Quote from: jlaurson on June 24, 2009, 09:27:20 AM
But for that chamber clarity, how about Abbado's recording?


I can believe it: I heard him conduct the Berlin Philharmonic at a concert with Arnold Schoenberg's Pelleas und Melisande and was astounded by the clarity of all the dense counterpoint in the score, which some conductors treat as R. Straussian mush.  One of the greatest performances of the work I have ever heard.
"Meet Miss Ruth Sherwood, from Columbus, Ohio, the Middle of the Universe!"

- Brian Aherne introducing Rosalind Russell in  My Sister Eileen (1942)

mahler10th

Quote from: Senta on June 02, 2009, 01:27:51 AM

Now - there is an extremely interesting and fantastic recording of his 5th with Houston on tour in Vienna in 1992. This one is fascinating interpretively and as such draws me back to it again and again, plus the playing just catches fire by the 2nd mvmt and they really smoke on through to the end.

Eschenbach goes further than he should with many, many things in that performance, though they follow him perfectly and it certainly makes you think of the music in a different way. I honestly can't say that it doesn't work on some level - it is so musical and committed throughout. There are sections in the 2nd mvmt where he just pulls time like taffy, and no more so than in the Adagietto which is very broad and hangs in the air as a misty timeless haze, it is really unique and special. The Philly recording is far less radical, more mellow and straightforward, but he still makes some of the same points.

Here is the Houston recording, was only on a private subscriber CD:
http://rapidshare.com/files/239815244/M5EschenbachHouston1992Vienna.rar


I am downloading that now and look forward to a good listen.

Wanderer

Quote from: Cato on June 24, 2009, 09:17:46 AM
Okay guys: I just listened again to the DGG Boulez version of the Eighth.
I can see where some people want ever more volume and drive: Boulez, however, let's you hear all the music.  There is a chamber clarity to many of the sections.

I totally agree with this. Boulez casually excels in the kind of x-ray transparency that e.g. Rattle obviously struggles for but fails dismally most times he tries.

jlaurson

Quote from: Wanderer on June 24, 2009, 11:50:53 AM
I totally agree with this. Boulez casually excels in the kind of x-ray transparency that e.g. Rattle obviously struggles for but fails dismally most times he tries.

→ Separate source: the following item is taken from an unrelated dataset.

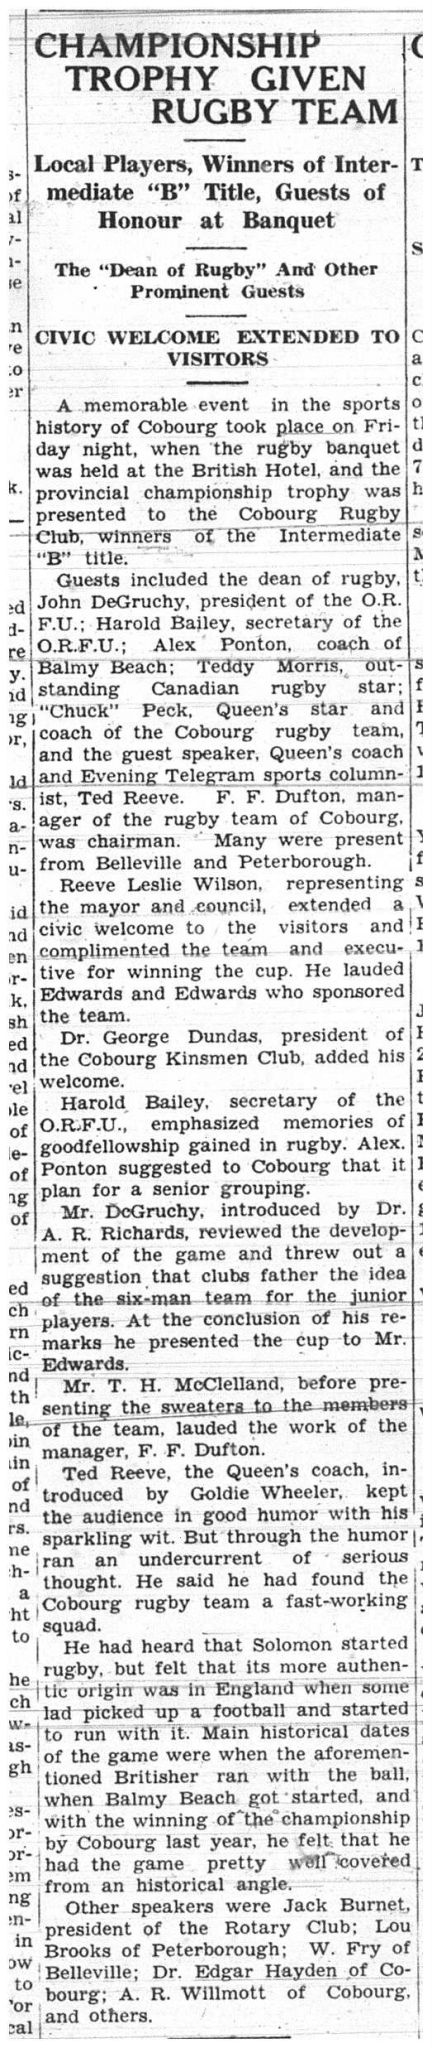 1928-03-31 Rugby

That's in any case the easy stereotype of Boulez. And absolutely true for his (excellent) 3rd. But not at all, for example, for his 1st, 5th, 6th, which are (excellent) gushing and warm-blooded beasts. Nor for his 2nd. Well, I'll get around to his Eight plenty more times before saving my judgement of it as anything more than cursory & temporary.


Wanderer

Quote from: jlaurson on June 24, 2009, 12:16:11 PM
That's in any case the easy stereotype of Boulez. And absolutely true for his (excellent) 3rd. But not at all, for example, for his 1st, 5th, 6th, which are (excellent) gushing and warm-blooded beasts. Nor for his 2nd. Well, I'll get around to his Eight plenty more times before saving my judgement of it as anything more than cursory & temporary.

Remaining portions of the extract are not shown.